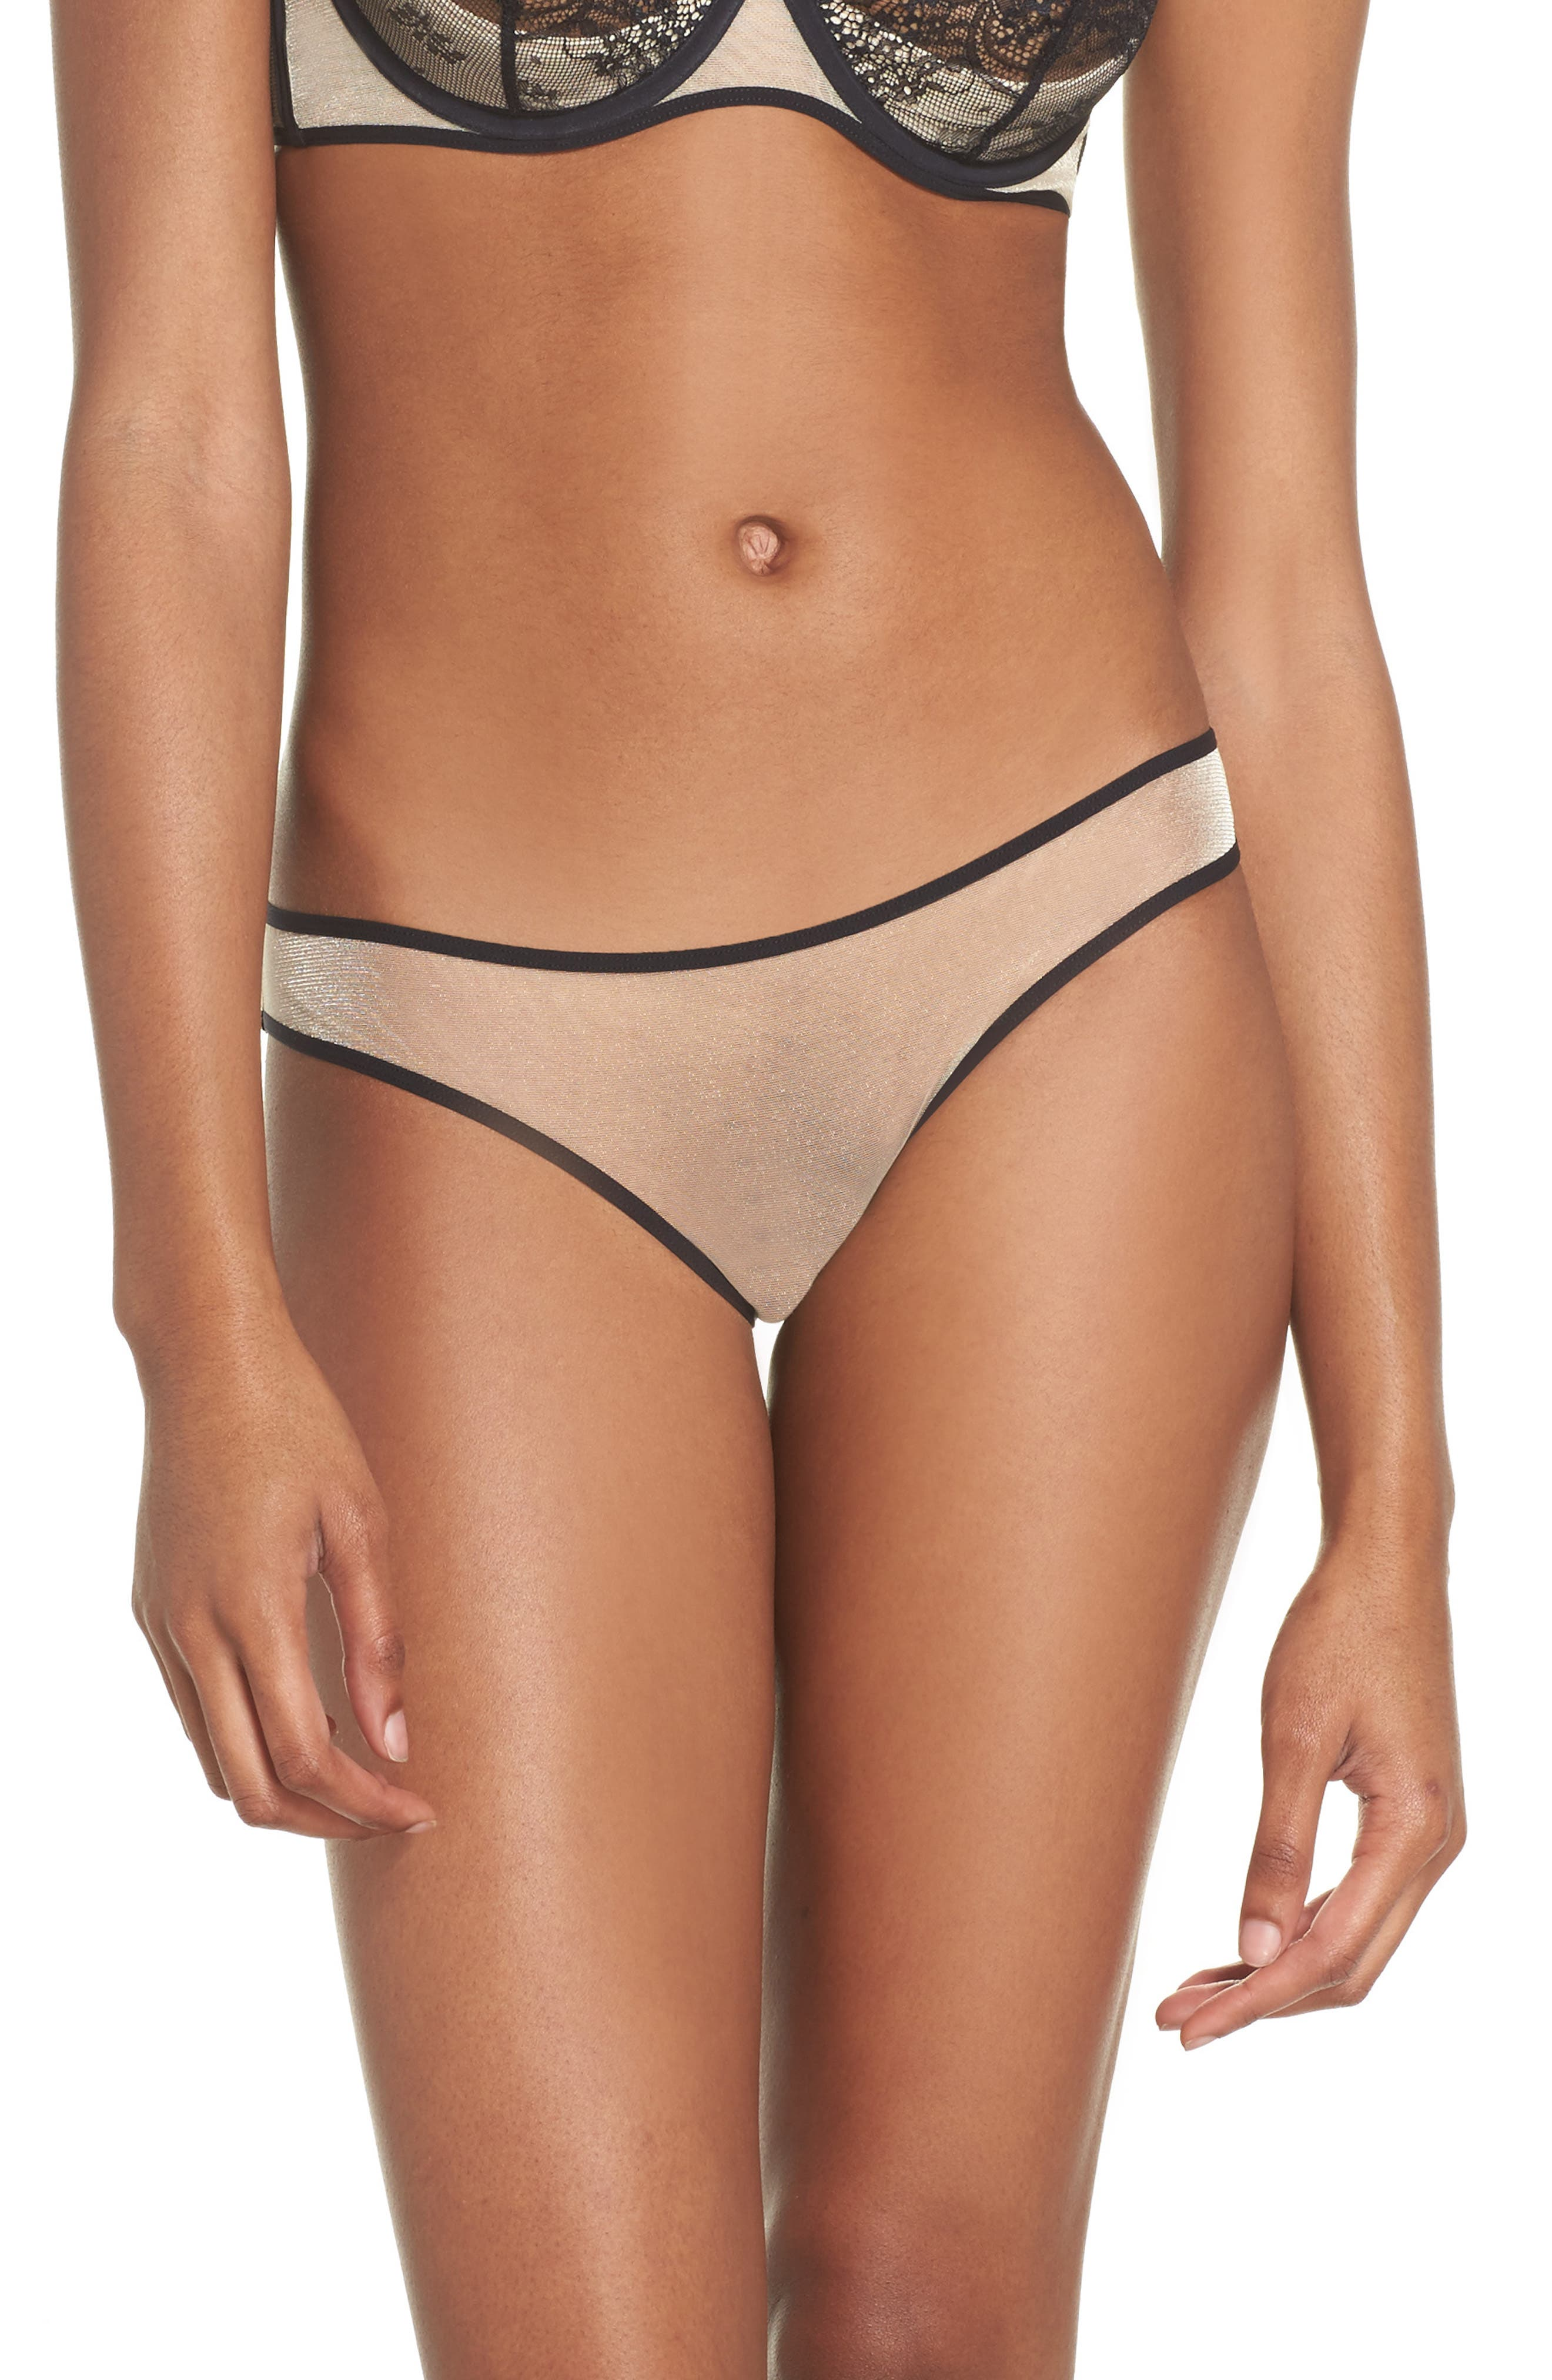 L'Antichambre Sheer Panties,                         Main,                         color, Black / Nude
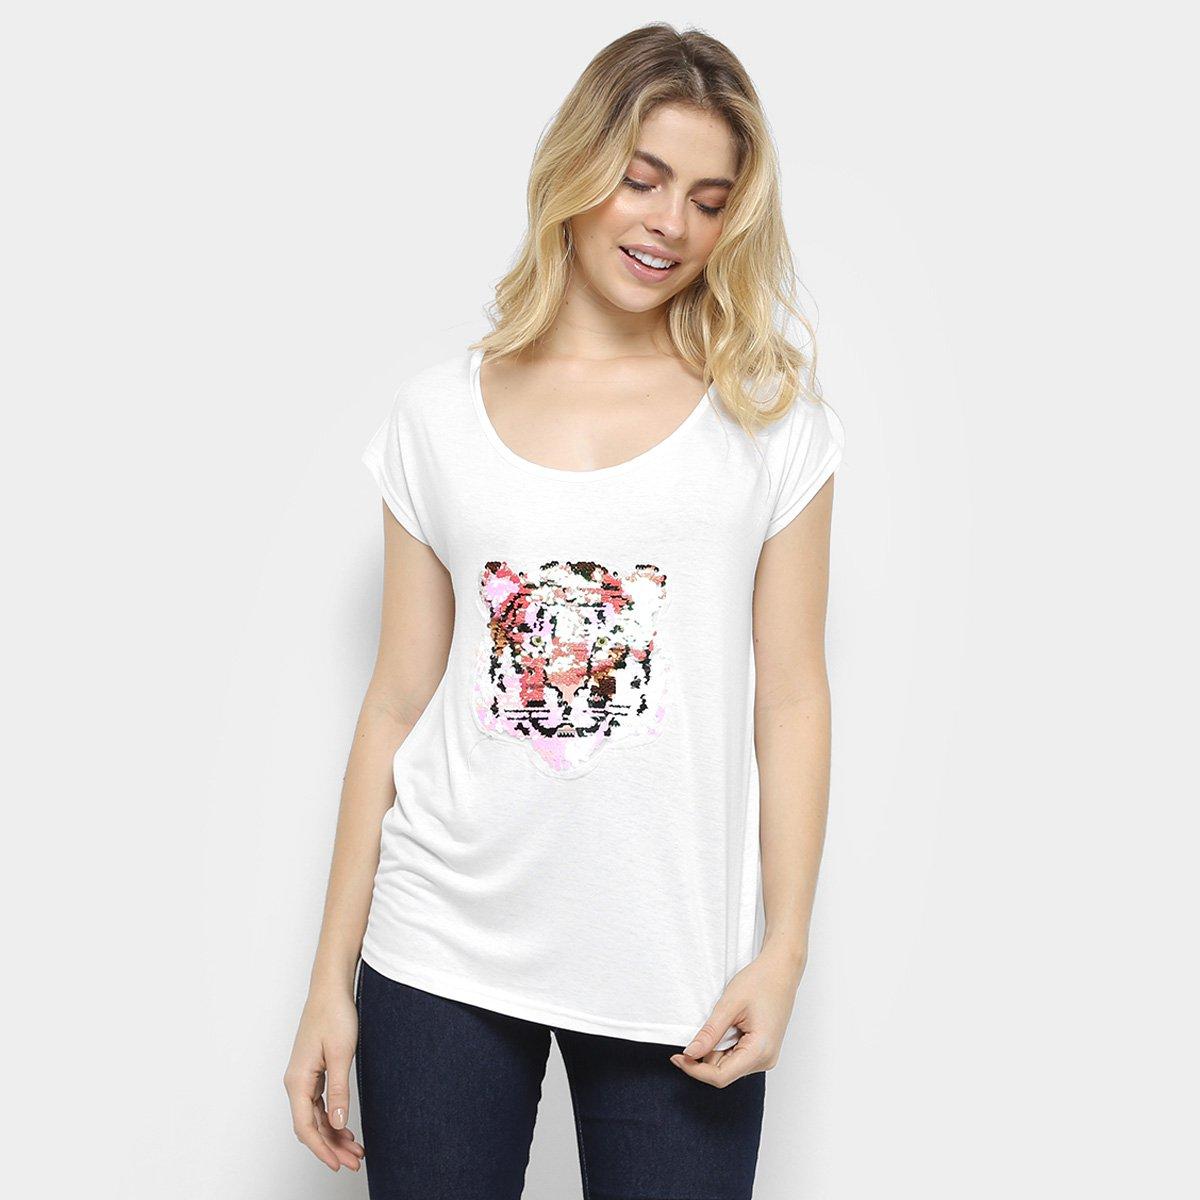 Blusa Holin Stone Tigre Feminina f6c20174ee9
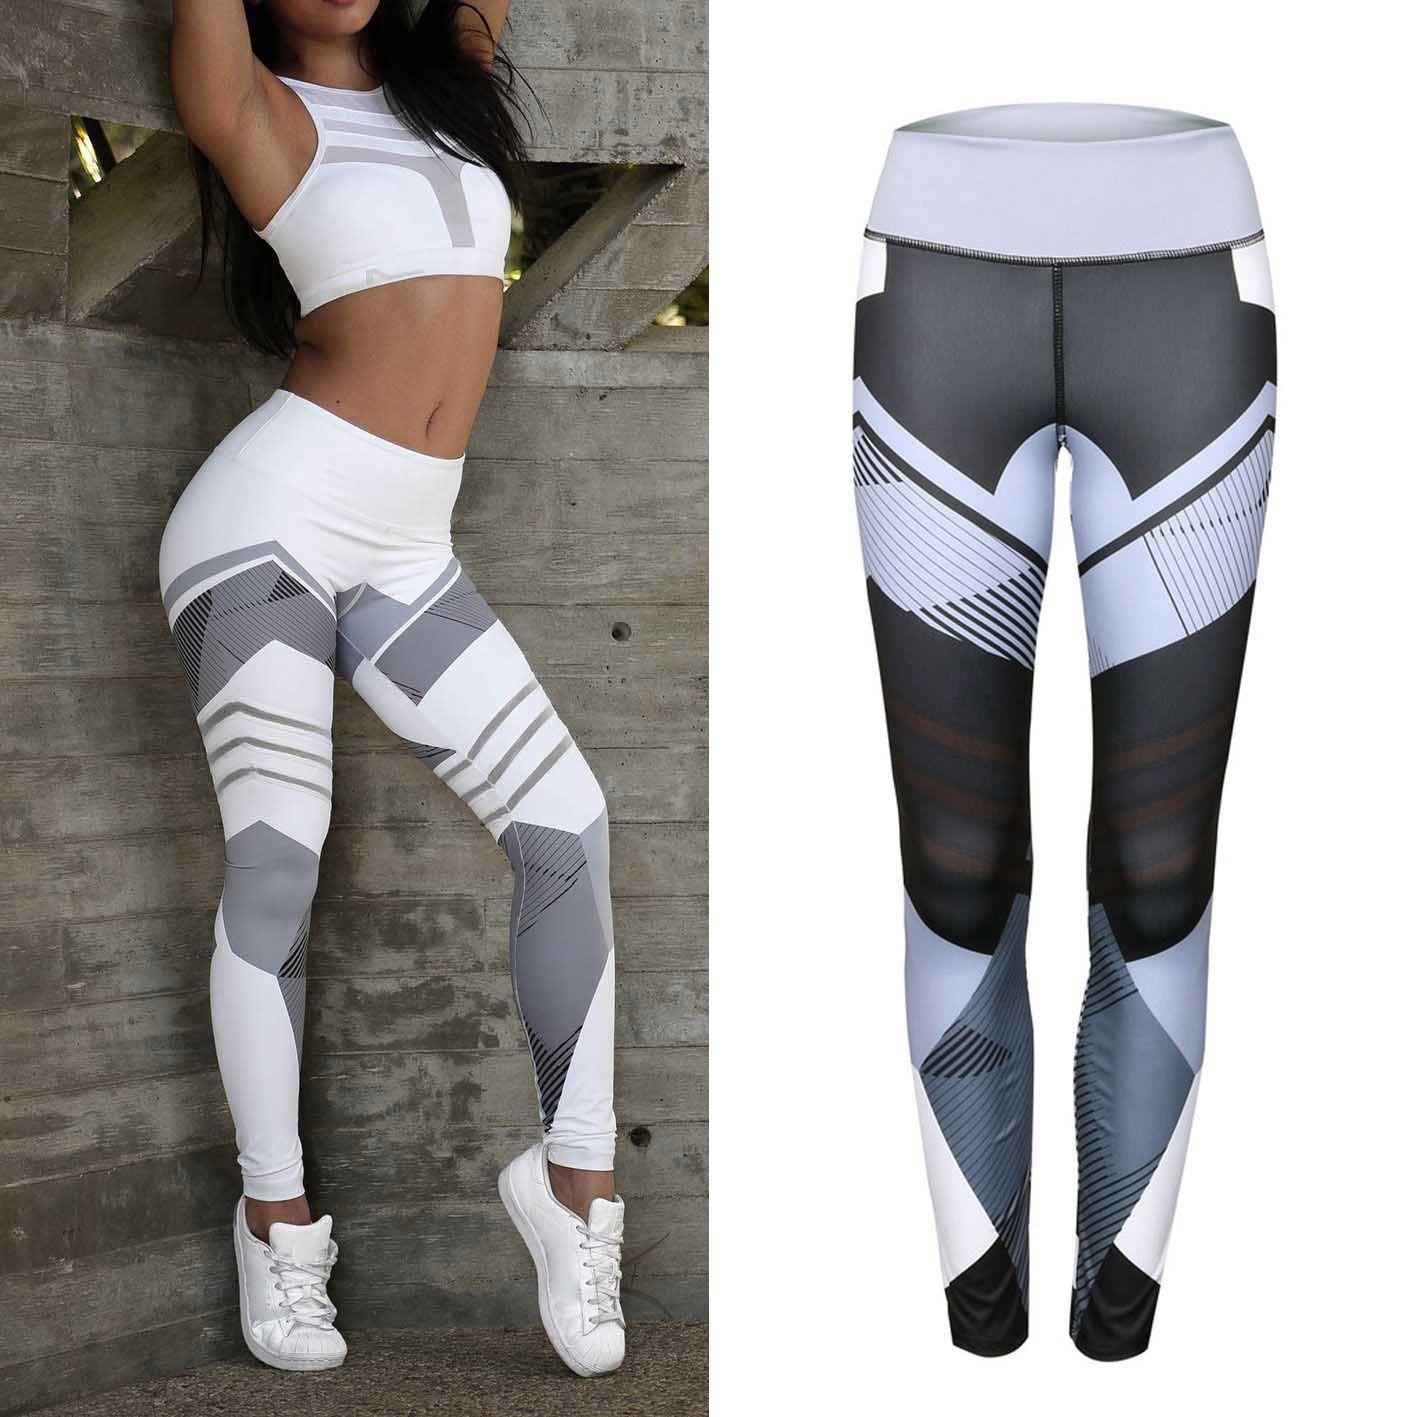 Sportswear Sport Leggins Yoga Fitness Running Gym Workout Femmes Motif Géométrique Collants Respirant Sexy Athletic Pantalons Leggings 3ARj54L

- - -

Assignment =>
In the reply, every line of the material above is to be reproduced verbatim, and the images are to be left out.

Finished exercise =>
 L'Antichambre Sheer Panties,                         Main,                         color, Black / Nude
 Blusa Holin Stone Tigre Feminina f6c20174ee9
 Sportswear Sport Leggins Yoga Fitness Running Gym Workout Femmes Motif Géométrique Collants Respirant Sexy Athletic Pantalons Leggings 3ARj54L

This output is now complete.